Initialize the ModelDeveloper class.

Parameters:

spark : SparkSession model_directory : str The directory to save the trained model. corpus_file : str The file containing the corpus of sentences. corpus_embedding_file : str The file to save the embeddings of the corpus. semantic_search_model : str The pre-trained model to use for semantic search.

Source code in src/fleming/discovery/model_train_register.py
def __init__(
    self,
    spark: SparkSession,
    model_directory: str,
    corpus_file: str,
    corpus_embedding_file: str,
    semantic_search_model: str,
) -> None:
    """
    Initialize the ModelDeveloper class.

    Parameters:
    -----------
    spark : SparkSession
    model_directory : str
        The directory to save the trained model.
    corpus_file : str
        The file containing the corpus of sentences.
    corpus_embedding_file : str
        The file to save the embeddings of the corpus.
    semantic_search_model : str
        The pre-trained model to use for semantic search.
    """
    self.model_directory = model_directory
    self.corpus_file = corpus_file
    self.corpus_embedding_file = corpus_embedding_file
    self.semantic_search_model = semantic_search_model

register_model()

Register the pre-trained model.

Source code in src/fleming/discovery/model_train_register.py
def register_model(self) -> None:
    """
    Register the pre-trained model.

    """
    model = SentenceTransformer(self.semantic_search_model)
    model.save(self.model_directory)

embed_corpus()

Embed the corpus of sentences using the pre-trained model.
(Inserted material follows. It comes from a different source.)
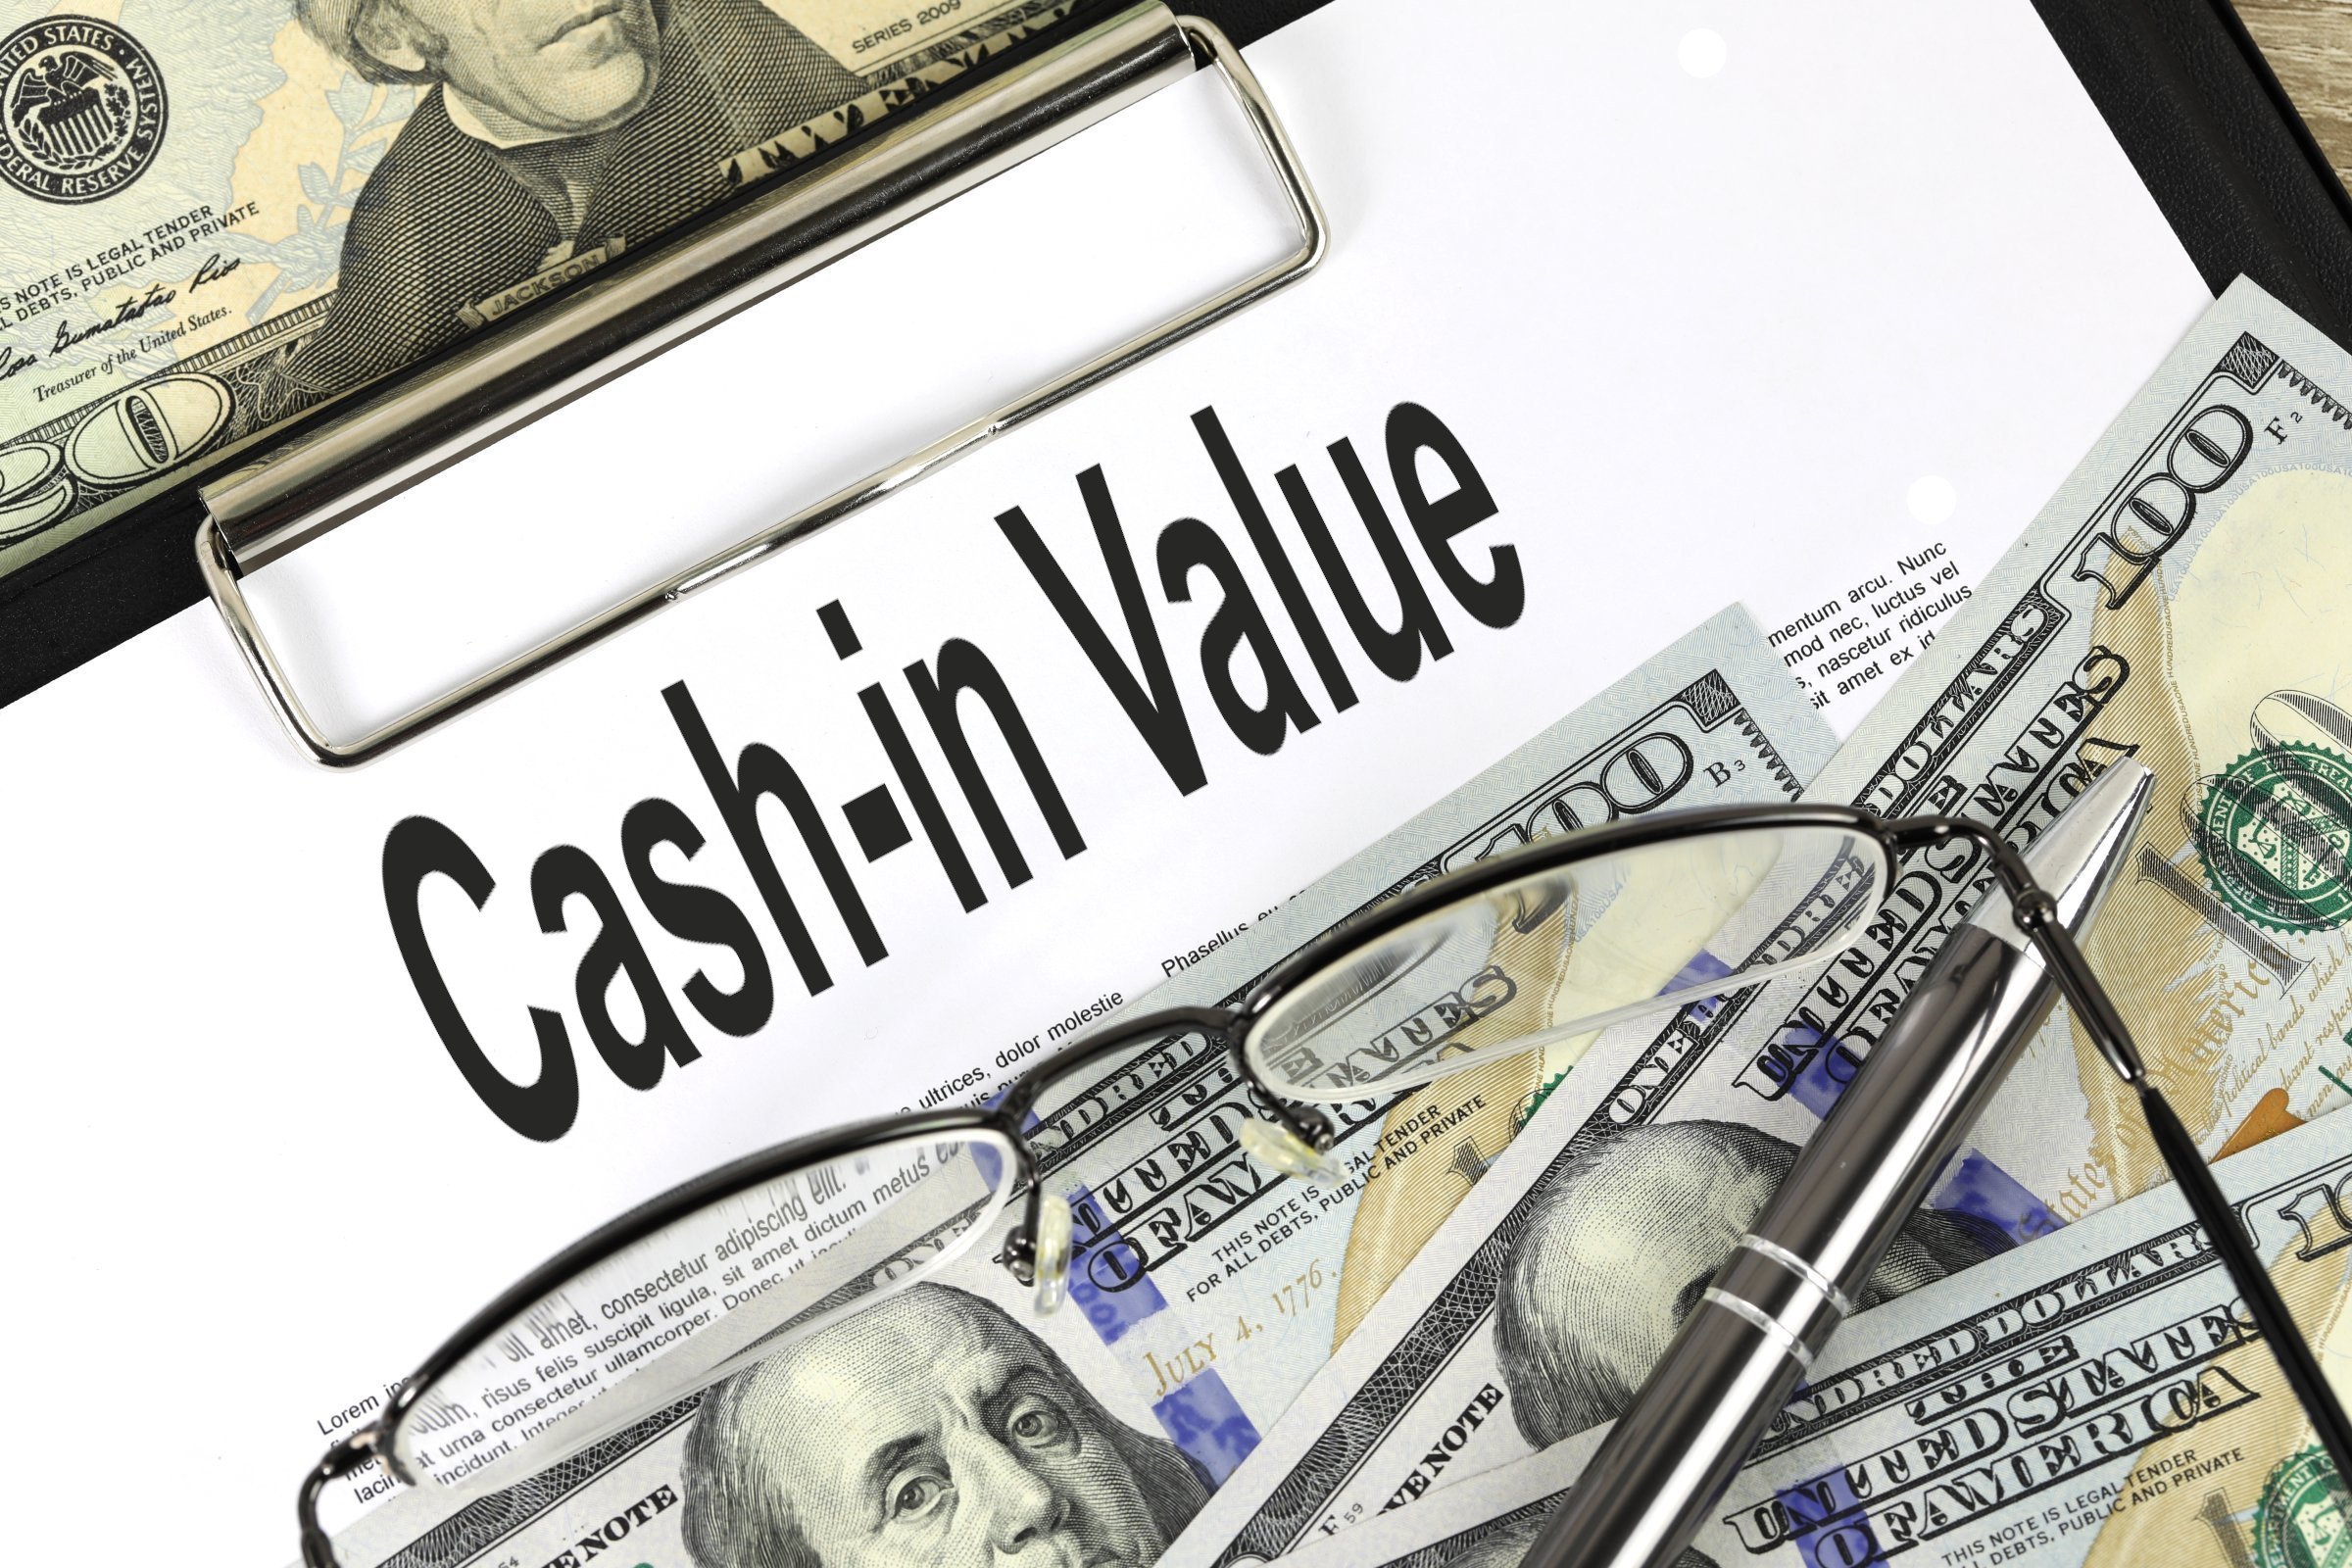 cash in value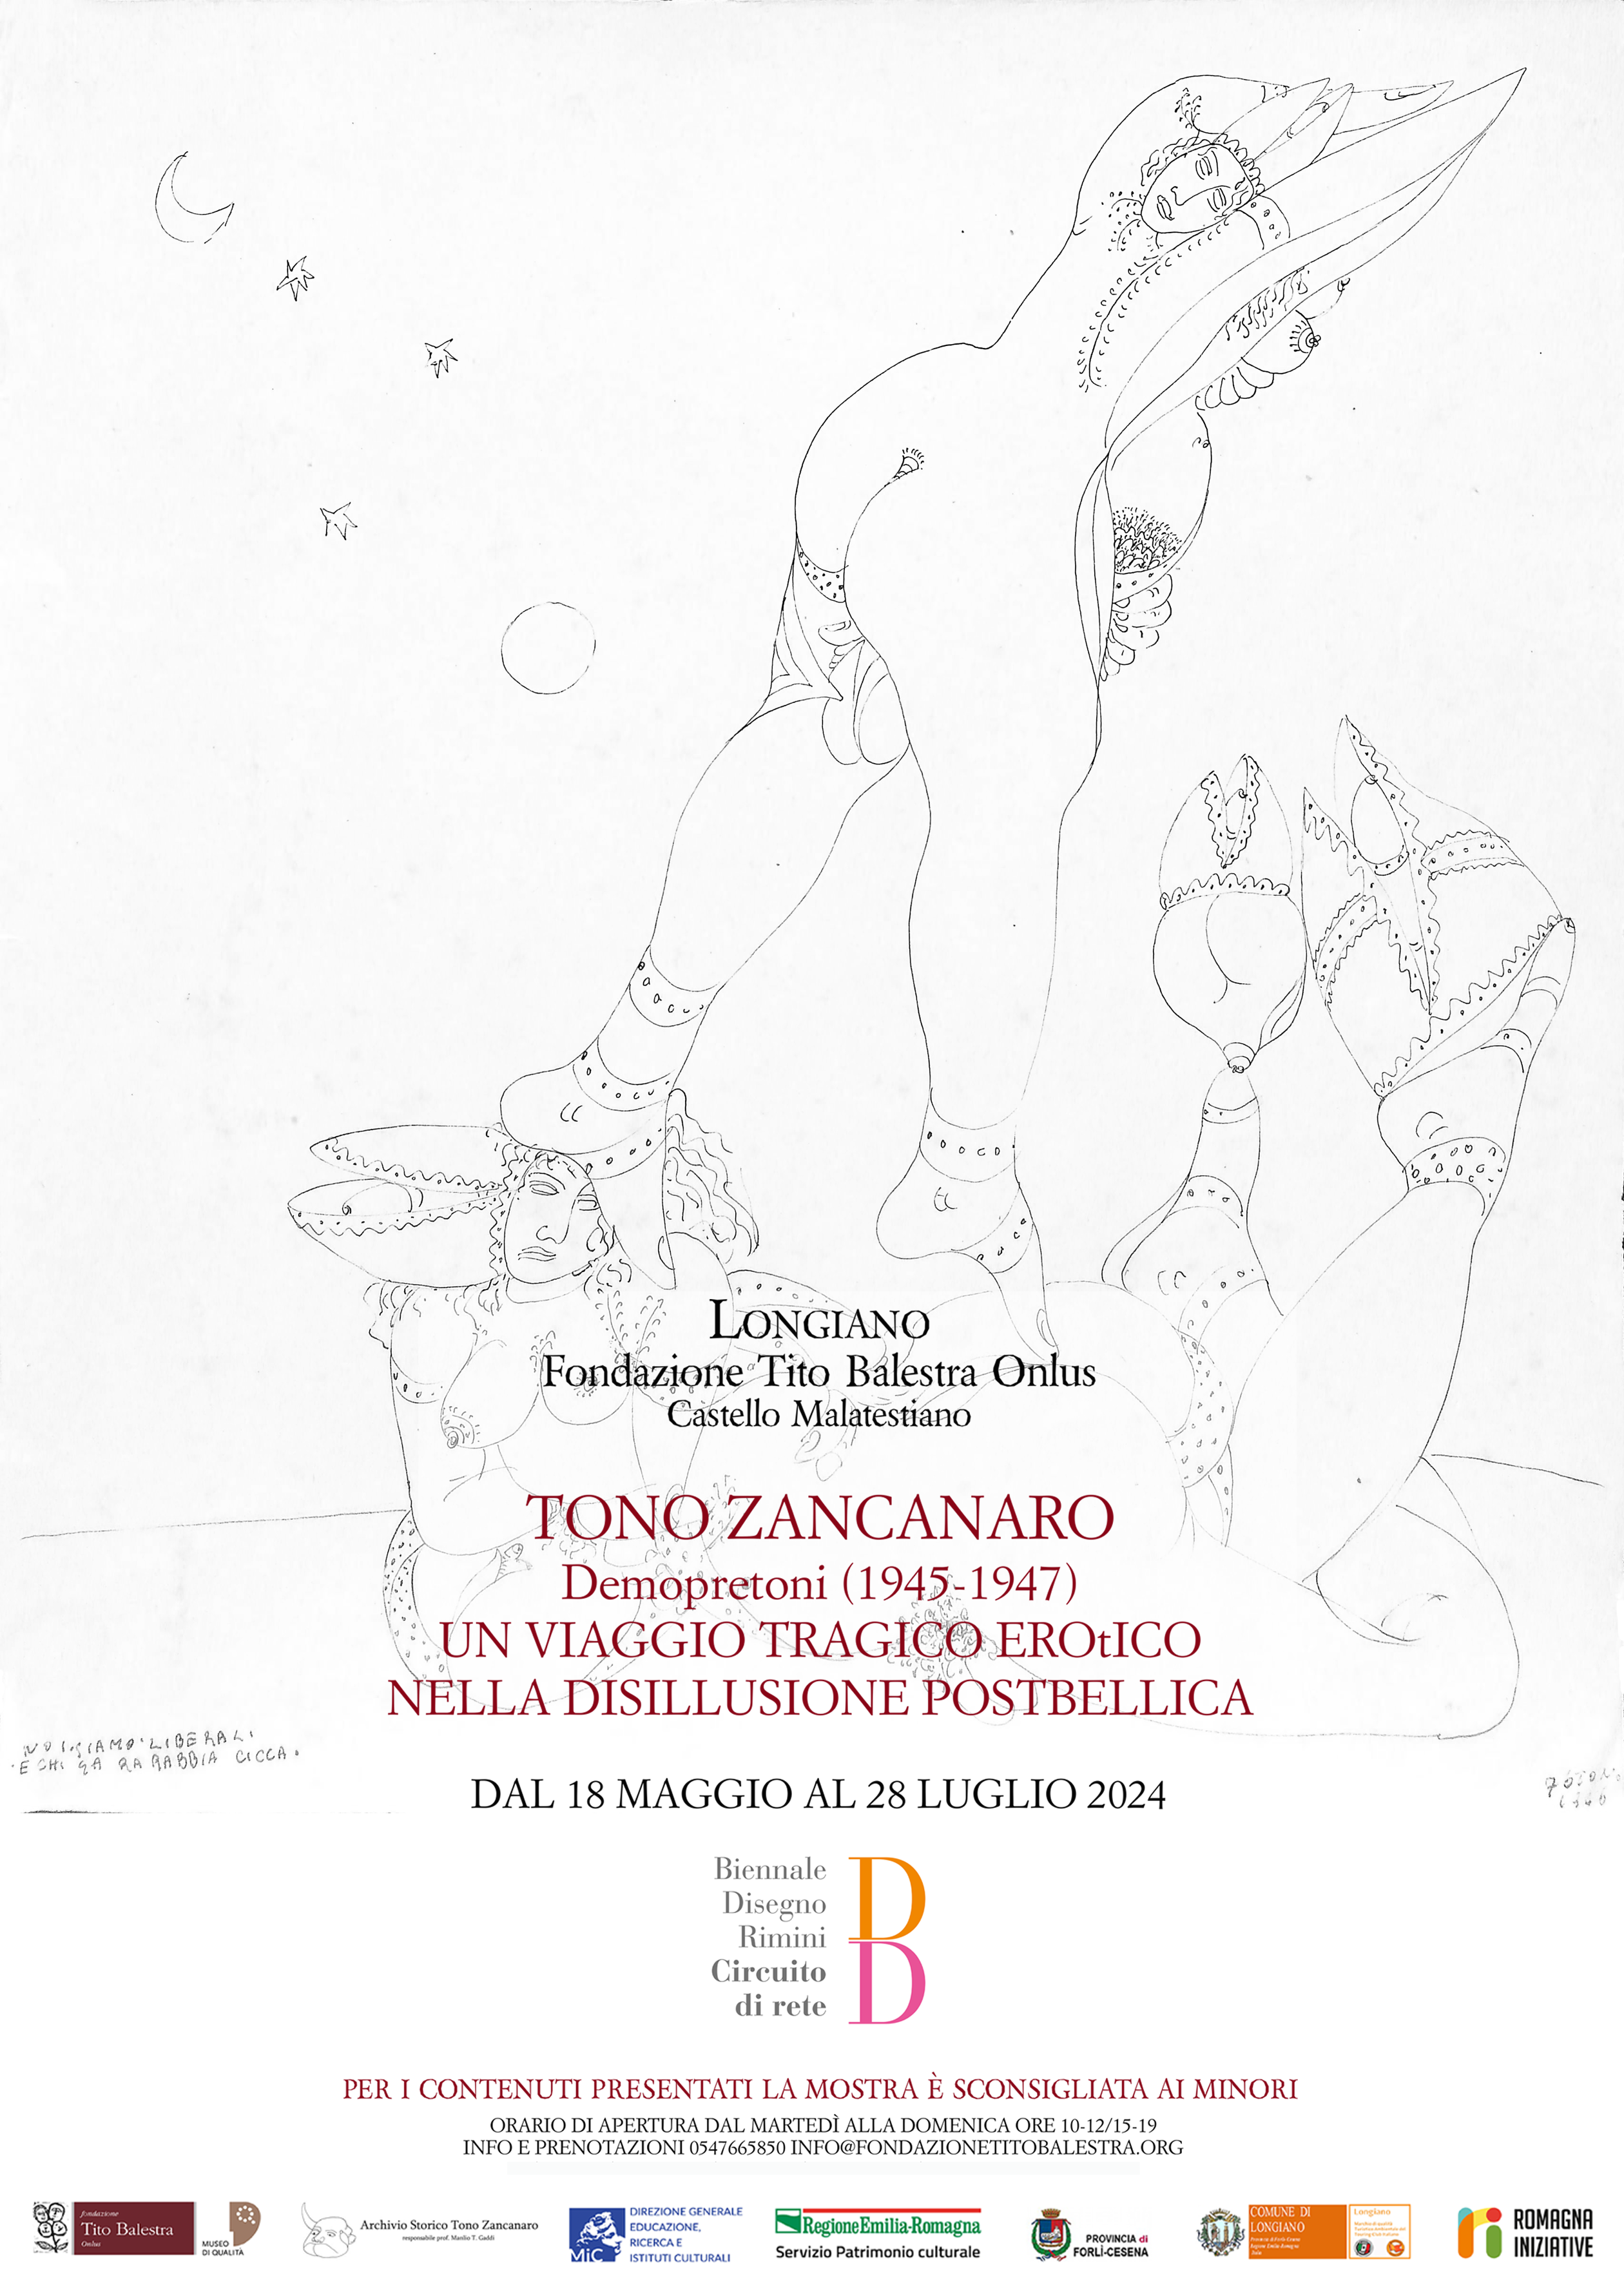 Locandina mostra Zancanaro 2024 immagine dell'evento: Mostra di Tono Zancanaro - DEMOPRETONI / UN VIAGGIO TRAGICO EROtICO NELLA DISILLUSIONE POSTBELLICA

Source code in src/fleming/discovery/model_train_register.py
def embed_corpus(self) -> None:
    """
    Embed the corpus of sentences using the pre-trained model.
    """
    model = SentenceTransformer.load(self.model_directory)

    with open(self.corpus_file) as file:
        corpus = file.read().splitlines()

    corpus_embeddings = model.encode(corpus, convert_to_tensor=True)
    torch.save(corpus_embeddings, self.corpus_embedding_file)

create_registered_model(unique_model_name, input_example, signature, artifacts, experiment_location)

Create and serve the semantic search model.

Parameters:

unique_model_name : str The unique name for the model. input_example : list An example input for the model. signature : object The signature object for the model. artifacts : dict The artifacts required for the model. experiment_location : str The location to store the experiment.

Source code in src/fleming/discovery/model_train_register.py
def create_registered_model(
    self,
    unique_model_name: str,
    input_example: list,
    signature: object,
    artifacts: str,
    experiment_location: str,
) -> None:
    """
    Create and serve the semantic search model.

    Parameters:
    -----------
    unique_model_name : str
        The unique name for the model.
    input_example : list
        An example input for the model.
    signature : object
        The signature object for the model.
    artifacts : dict
        The artifacts required for the model.
    experiment_location : str
        The location to store the experiment.
    """
    mlflow.set_experiment(experiment_location)

    with mlflow.start_run() as run:
        model_info = mlflow.pyfunc.log_model(
            unique_model_name,
            python_model=SemanticSearchModel(),
            input_example=input_example,
            signature=signature,
            artifacts=artifacts,
            pip_requirements=["sentence_transformers", "numpy"],
        )
        _ = run.info.run_id

        model_uri = model_info.model_uri

        mlflow.register_model(model_uri=model_uri, name=unique_model_name)